### Try it
Reproduce the listing below exactly, minus its pictures.

### Data excerpt
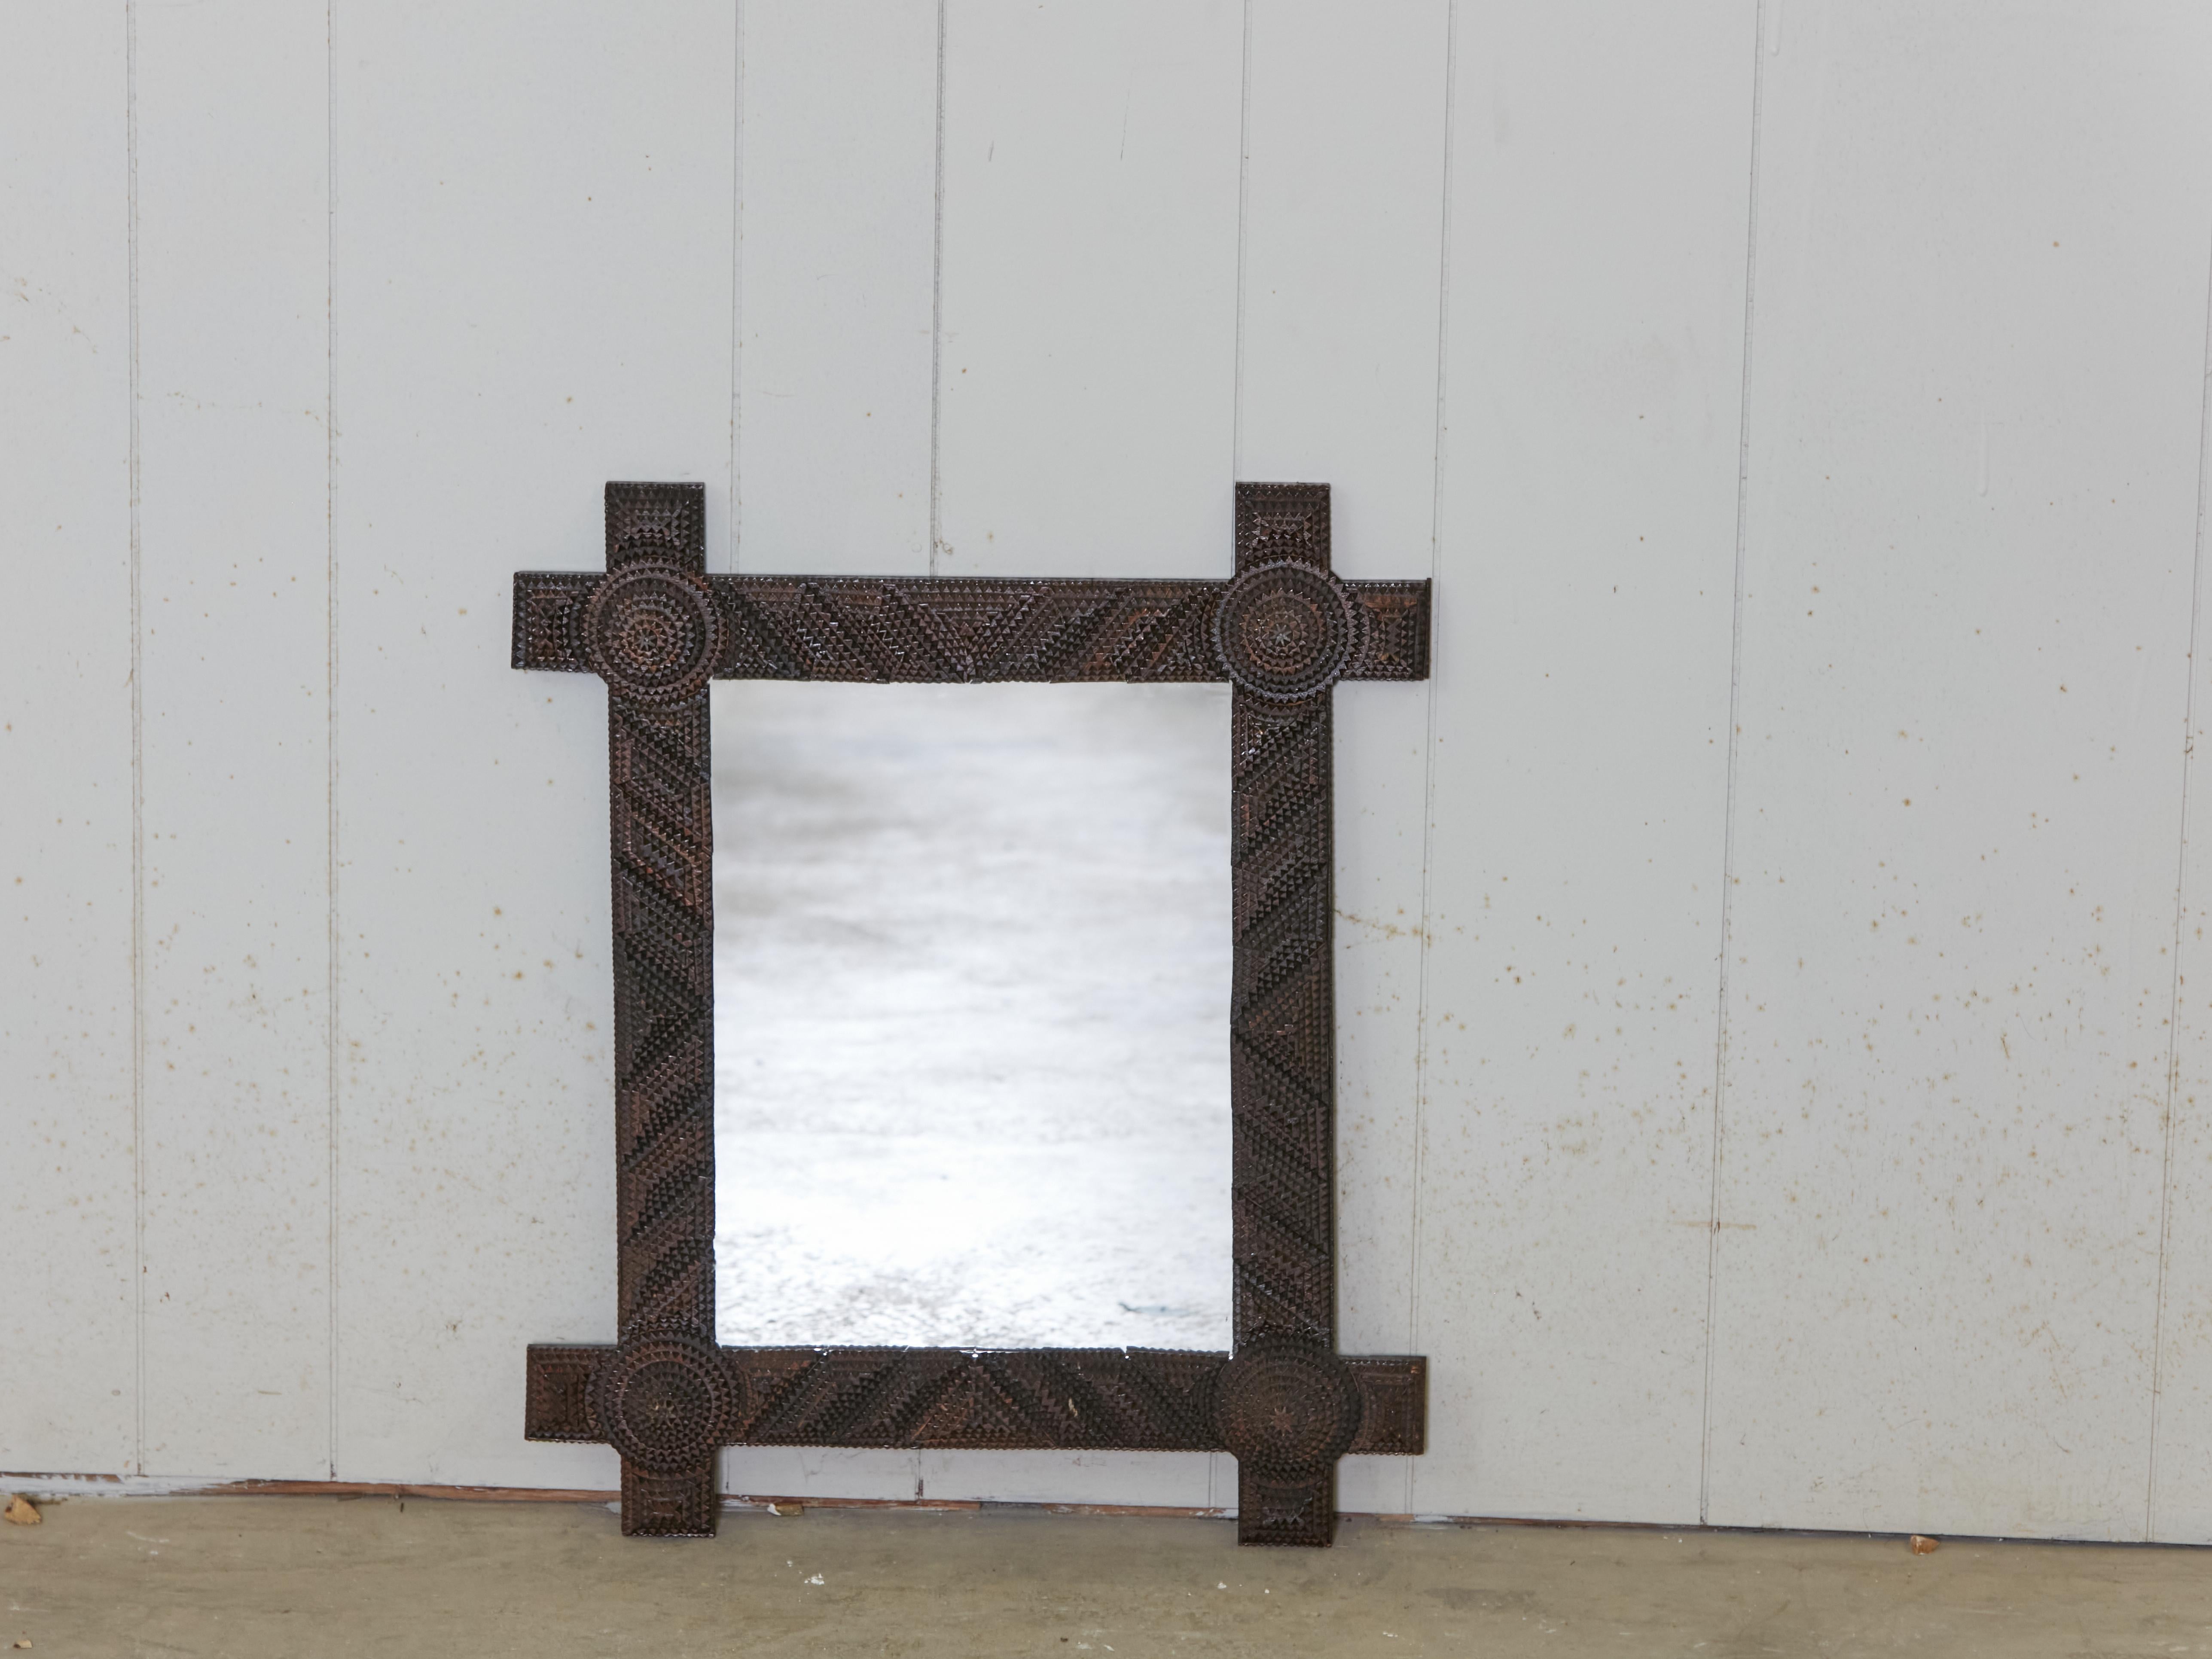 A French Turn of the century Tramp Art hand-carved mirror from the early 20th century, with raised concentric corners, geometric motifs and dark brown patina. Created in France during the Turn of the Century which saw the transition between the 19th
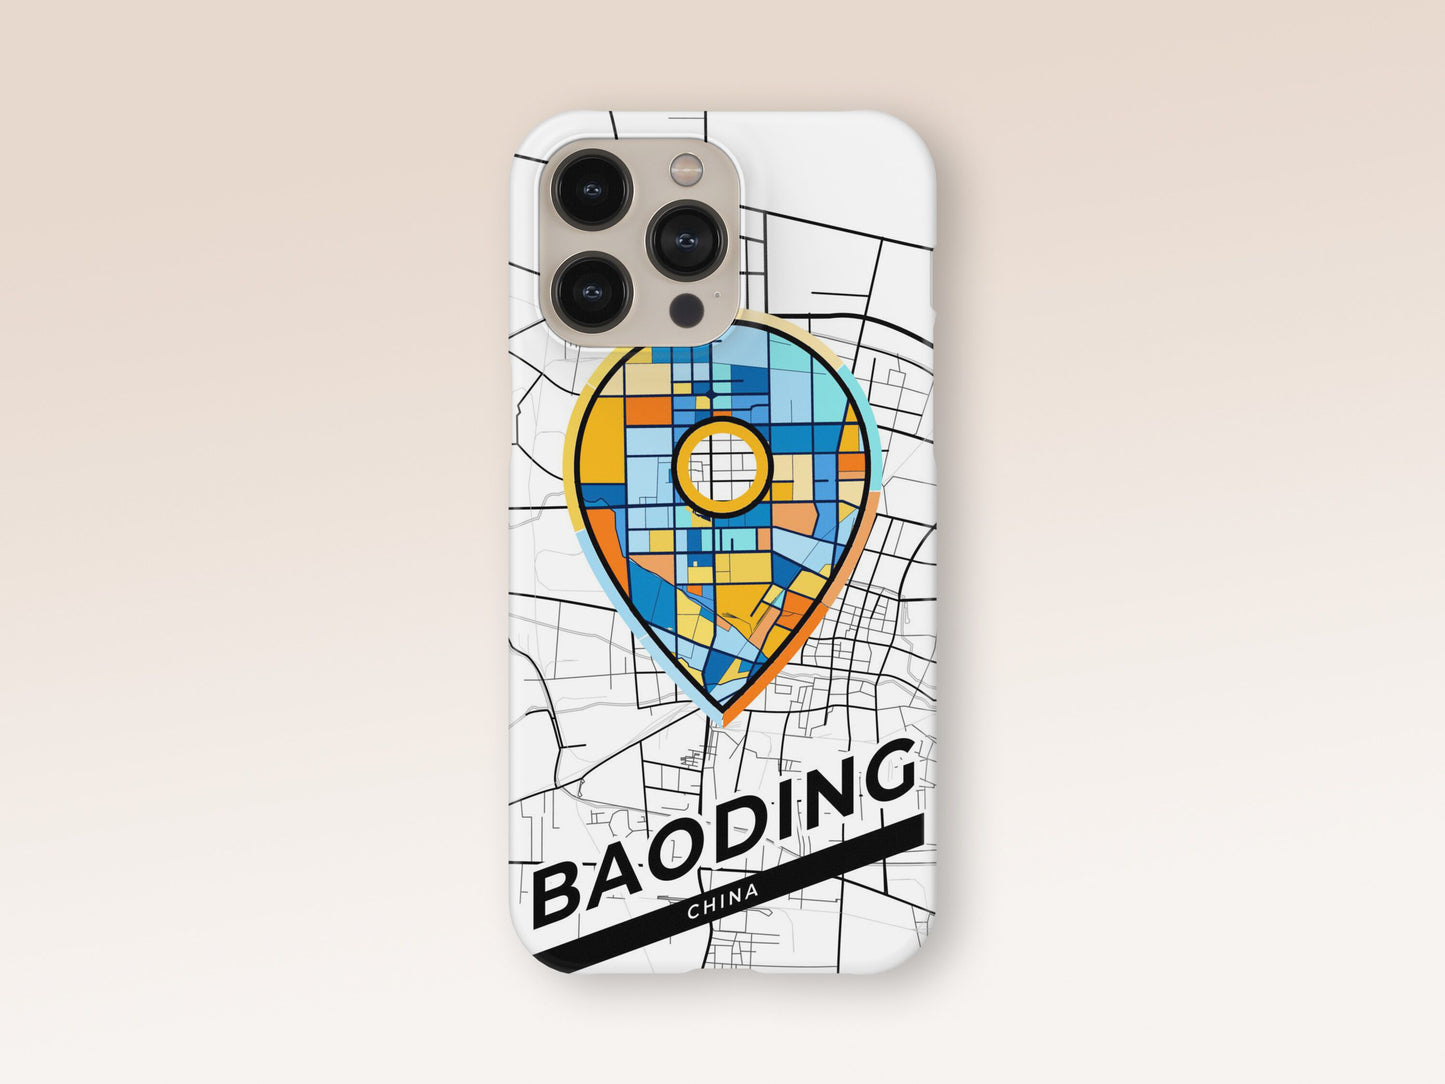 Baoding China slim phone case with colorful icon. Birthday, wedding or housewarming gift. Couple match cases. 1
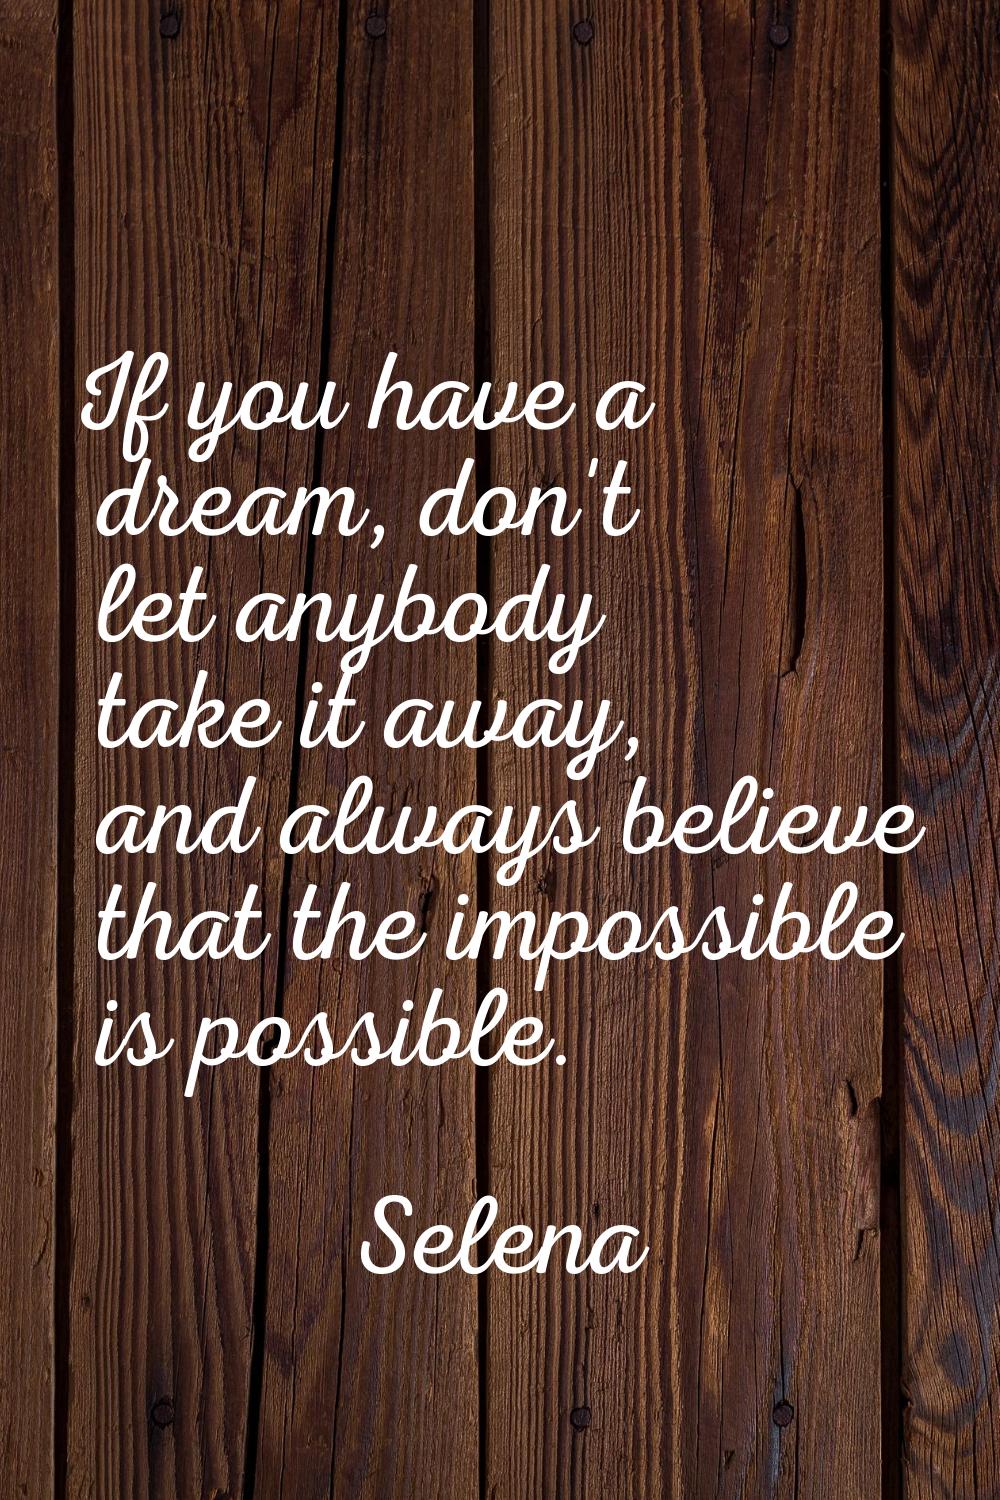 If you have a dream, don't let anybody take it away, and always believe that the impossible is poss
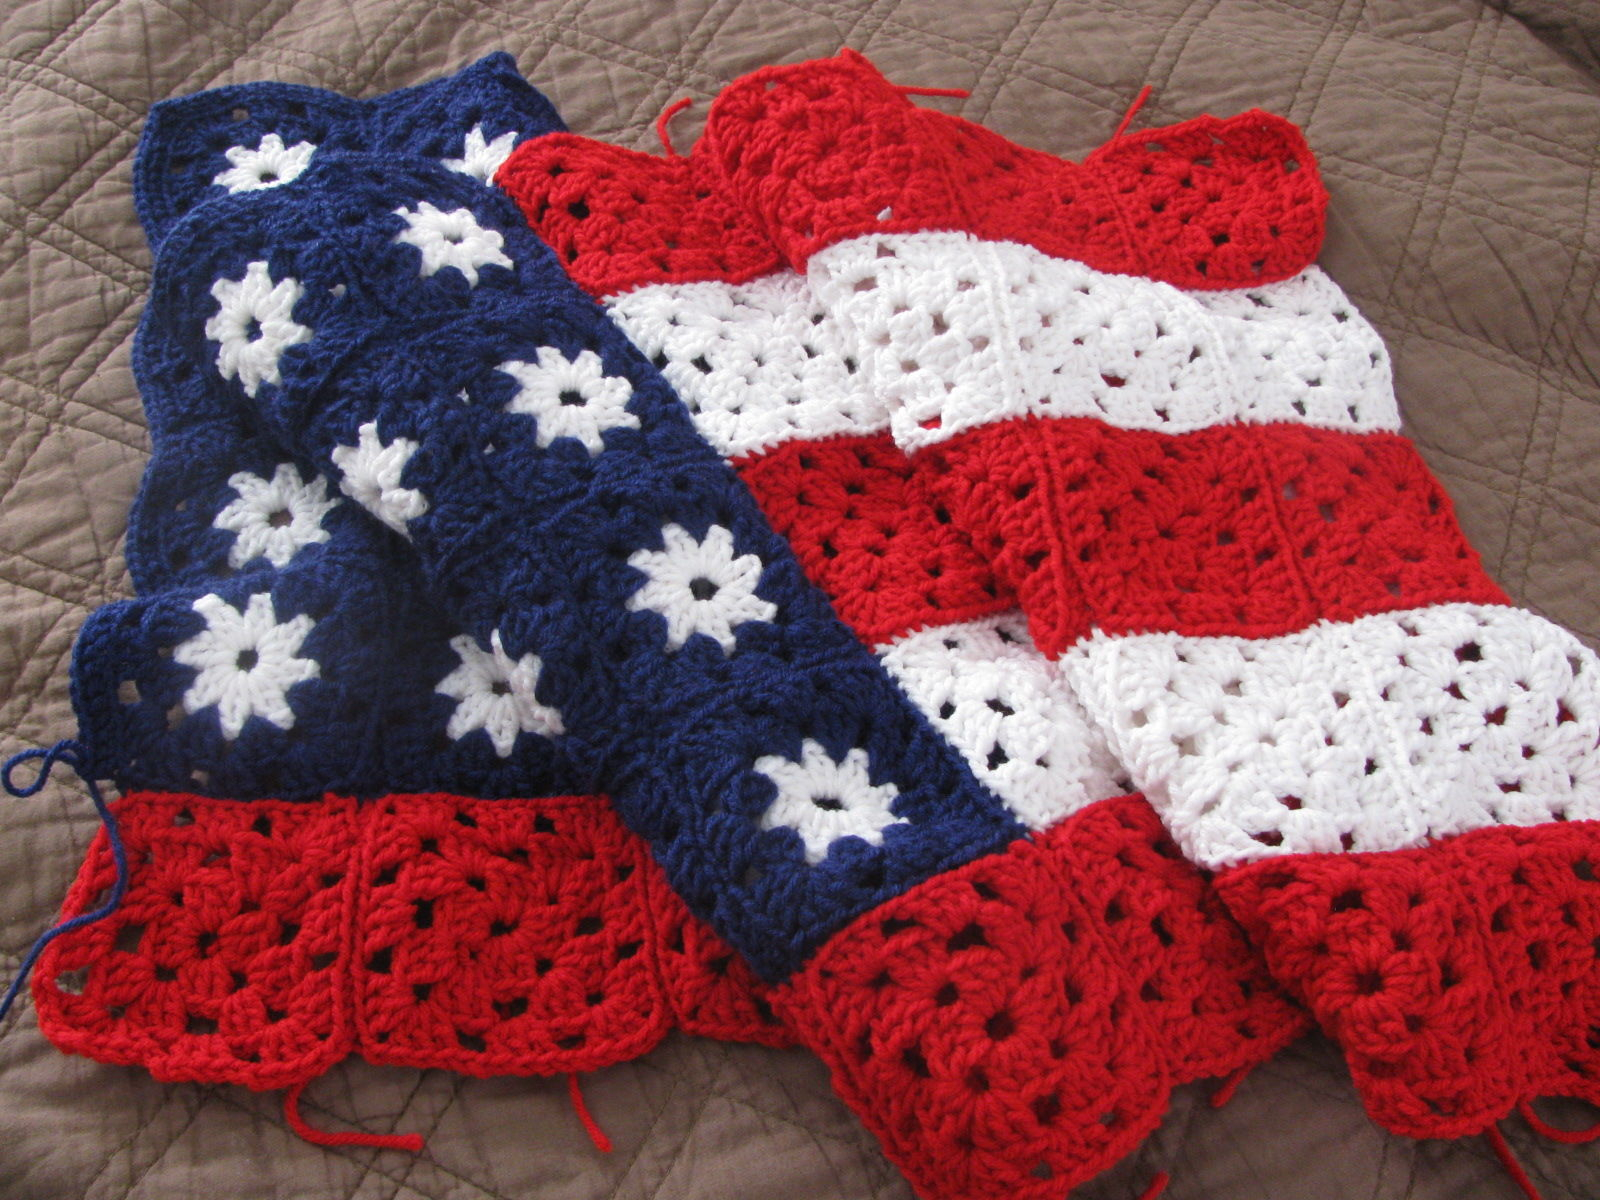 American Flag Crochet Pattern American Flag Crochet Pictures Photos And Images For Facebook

### Your response
 A French Turn of the century Tramp Art hand-carved mirror from the early 20th century, with raised concentric corners, geometric motifs and dark brown patina. Created in France during the Turn of the Century which saw the transition between the 19th
 Baoding China slim phone case with colorful icon. Birthday, wedding or housewarming gift. Couple match cases. 1
 If you have a dream, don't let anybody take it away, and always believe that the impossible is poss
 American Flag Crochet Pattern American Flag Crochet Pictures Photos And Images For Facebook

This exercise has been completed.